### EXERCISE:
Would you repeat the entries below word for word and omit the pictures?

Source records
>>>>
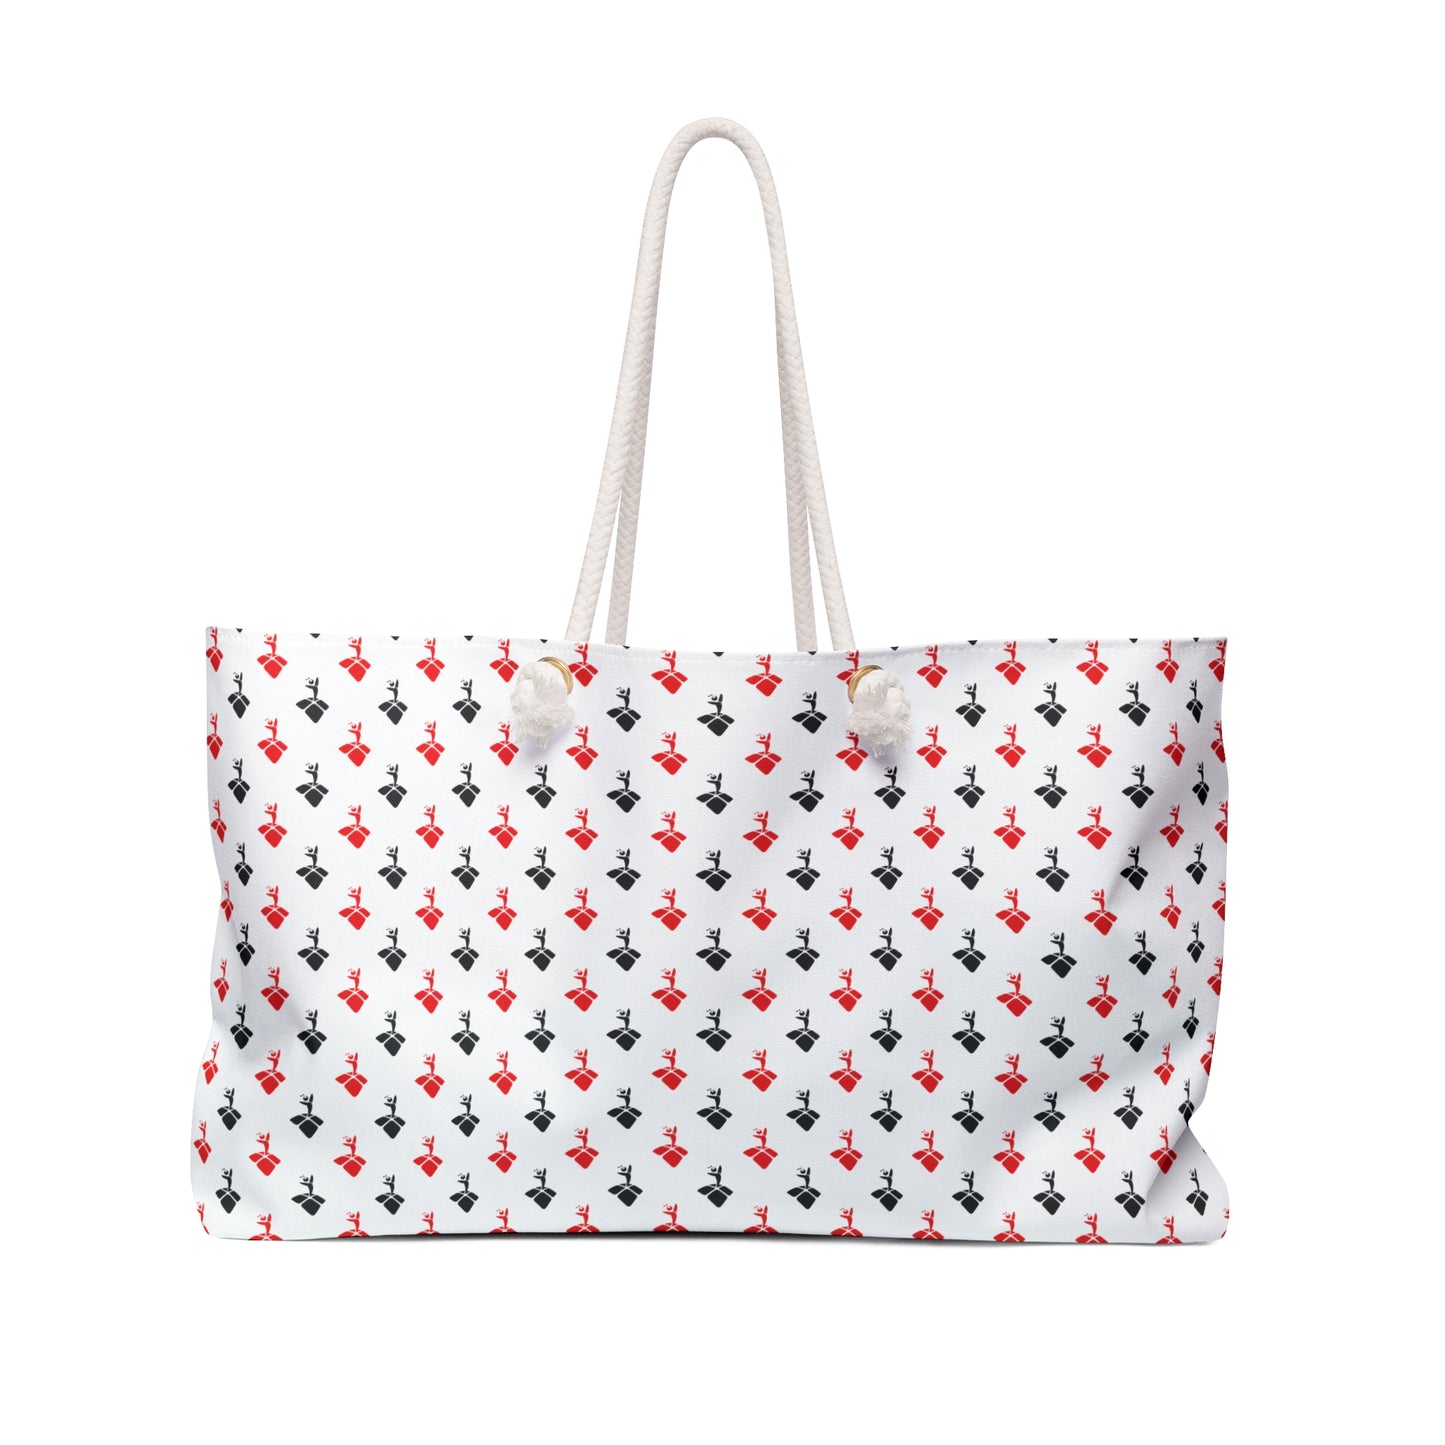 TBC ICONS RED AND BLACK PATTERN-Weekender Bag
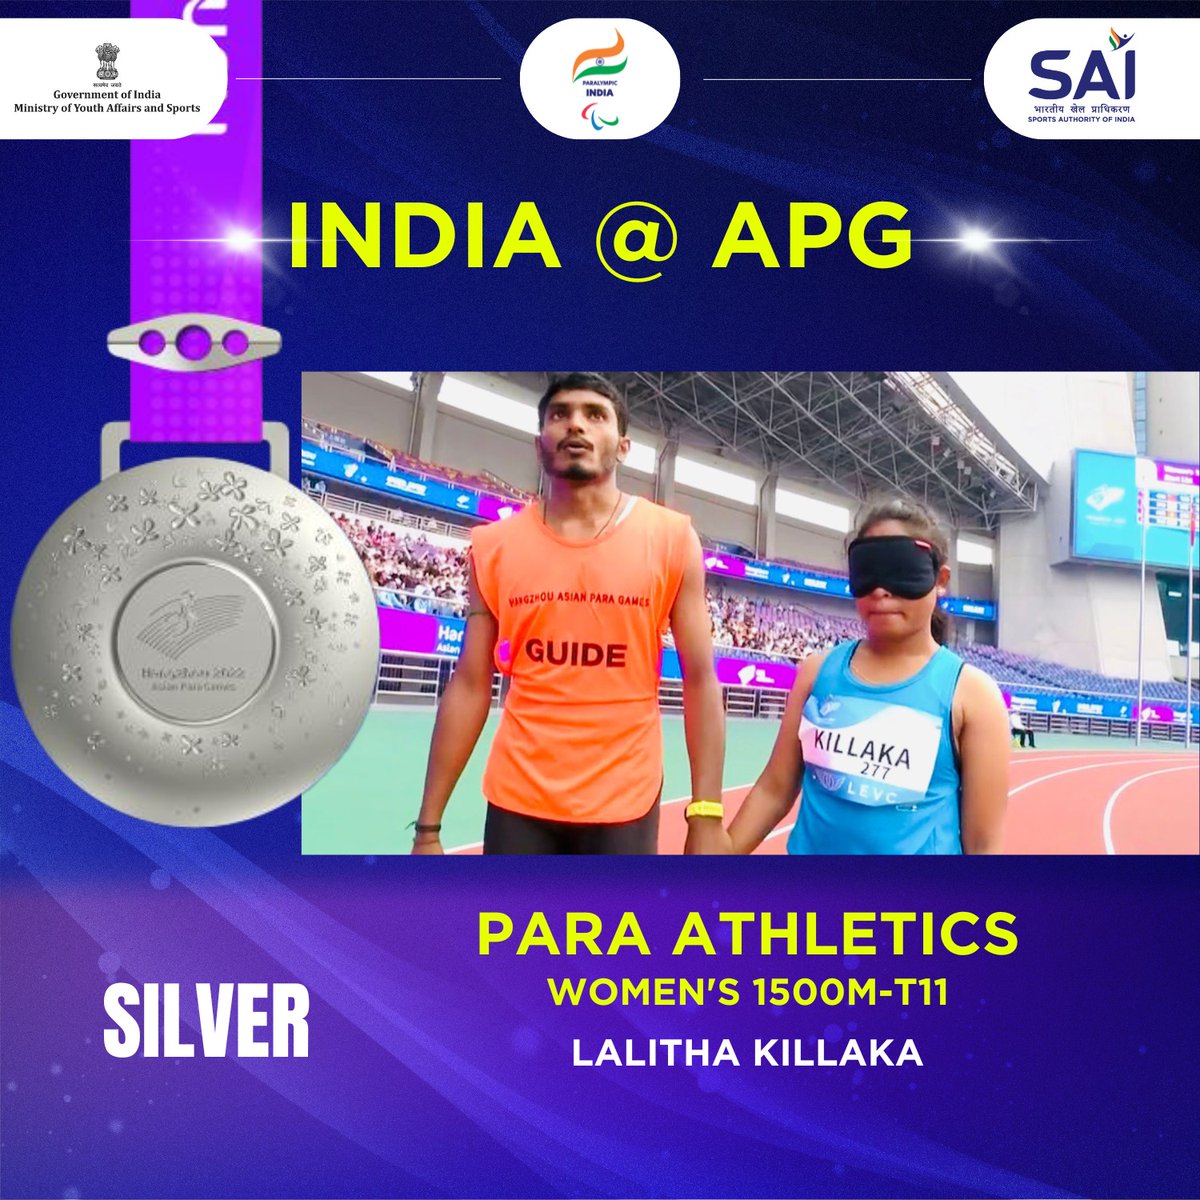 🇮🇳 at the TOP🔝in Women's 1500m-T11 Event at #AsianParaGames2022 🥳

Rakshitha Raju & Lalitha Killaka win a🥇& 🥈each by clocking 5:21.45 & 5:48. 85 respectively!

Many congratulations to both the champions! Well done girls💪🏻👏

#Cheer4India
#Praise4Para
#JeetegaBharat
#HallaBol
<<<<
### THE COMPLETED TASK:
 TBC ICONS RED AND BLACK PATTERN-Weekender Bag
 🇮🇳 at the TOP🔝in Women's 1500m-T11 Event at #AsianParaGames2022 🥳

Rakshitha Raju & Lalitha Killaka win a🥇& 🥈each by clocking 5:21.45 & 5:48. 85 respectively!

Many congratulations to both the champions! Well done girls💪🏻👏

#Cheer4India
#Praise4Para
#JeetegaBharat
#HallaBol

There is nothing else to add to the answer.